Here’s how I talk about it with my students.
Active listening is asking questions as you listen. There isn’t one right question, either – you can actively listen to any number of aspects of a musical performance.
Here is a recording I frequently use for a listening exercise in rehearsal.
Here are some of the questions you might ask while you listen.
Overall questions
Did I enjoy the performance?
Would I listen again?
When was it recorded?
Who is the performer?
Performance questions
Did the performance feel like the right duration?
Was I engaged for the entire piece?
Vocal questions
What is the tone of the singers?
Is the tone dark or bright?
Vibrato or senza vibrato?
How does the tone reflect the character of the piece?
How do the singers blend?
Arrangement questions
What is the character of the arrangement?
What is the form of the arrangement?
Did material repeat or was it consistently new?
Was there an introduction? How did it set up the sound of the piece?
If this is an arrangement, how does it enhance/change/elaborate on past versions of the song?
How would I describe the arrangement style?
If there was a soloist: how did the solo integrate into the piece?
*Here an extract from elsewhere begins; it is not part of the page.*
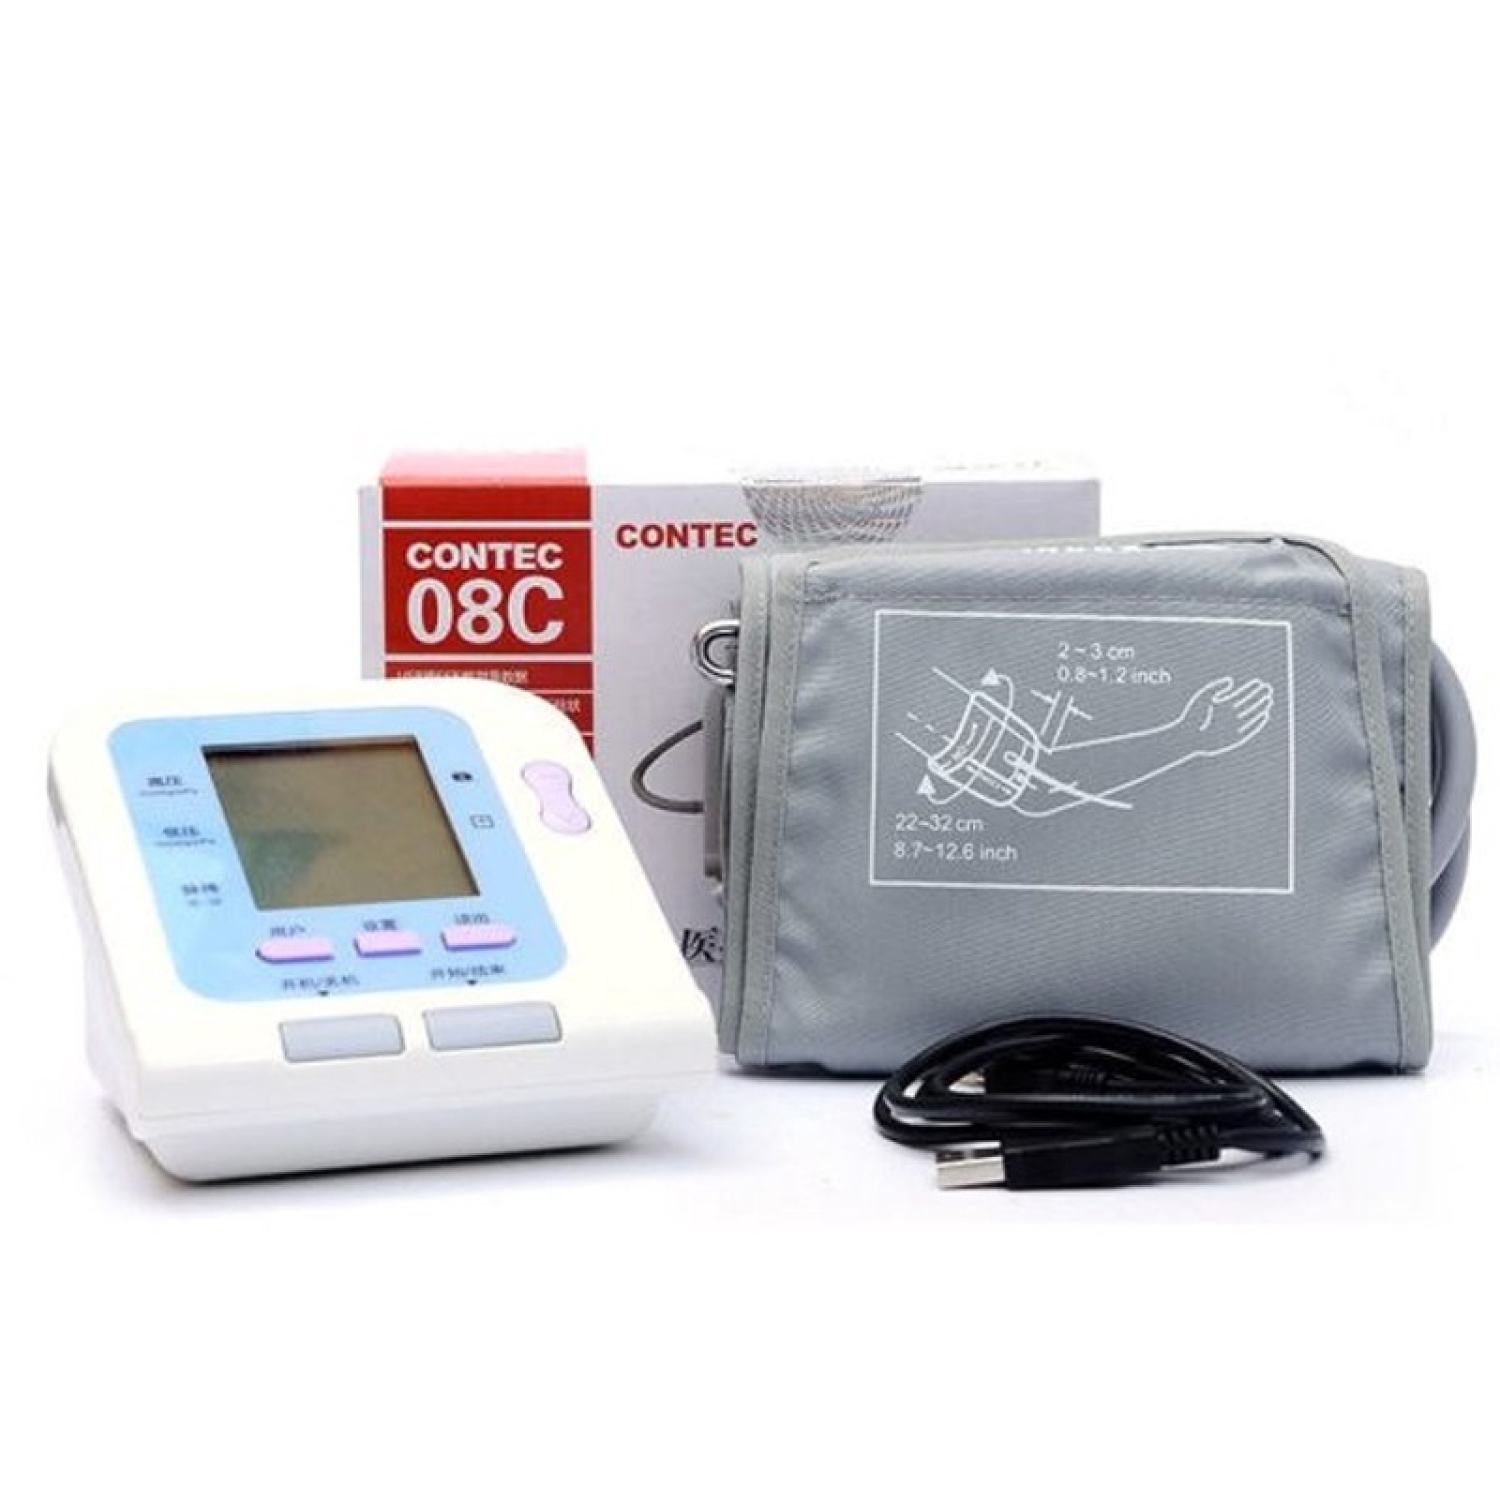 Máy đo huyết áp contec 08c - ảnh sản phẩm 2
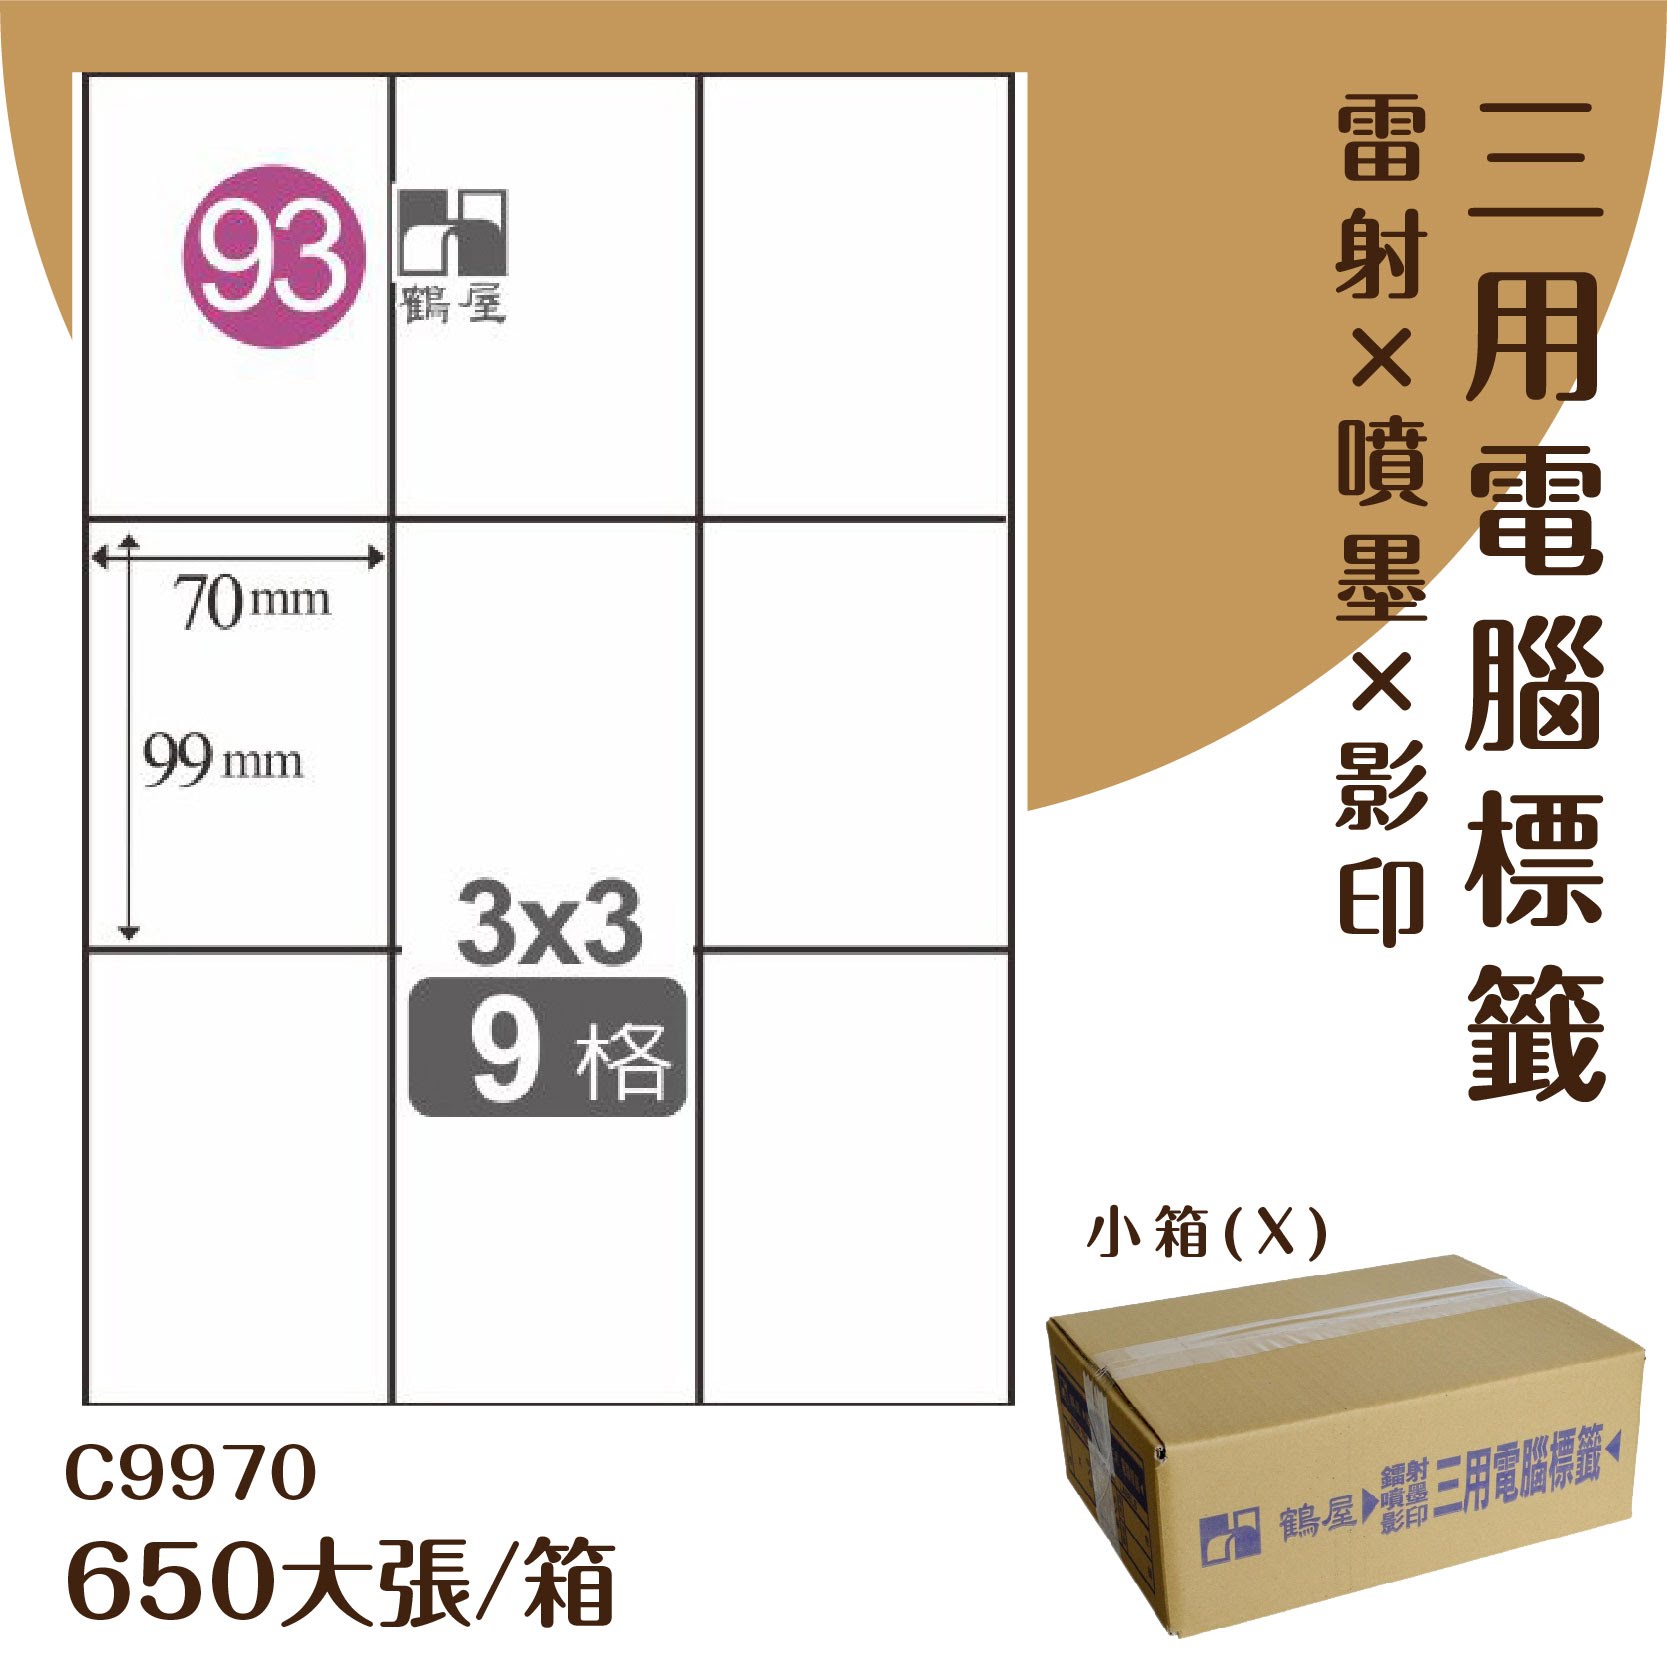 【優質好物】鶴屋 電腦標籤紙-白色 C9970 9格 650大張/小箱 (自黏貼紙/三用標籤/影印&雷射&噴墨)

How does the arrangement support the solo?
The most important caveat is that all questions require open-ended responses. “Did I enjoy this performance” cannot have a simple yes or no. My students must say “yes, because…” or “no, because…”. If they are really working at active listening, they will automatically have justificiation for their opinion.
We may also talk about how some pieces or performances make demands that can’t be met on the first listen. (Consider Rite of Spring or Caroline Shaw’s Passacaglia from Partita)
While I usually leave my active listening open ended, occasionally I will ask them to focus their listening on one particular thing, or else listen multiple times to one recording, focusing on different aspects of the performance.
Then I encourage my students to carry active listening with them outside rehearsal. Not all the time – there is too much music in our lives to actively listen all the time. But take a little time to tune in and listen for a little while every day.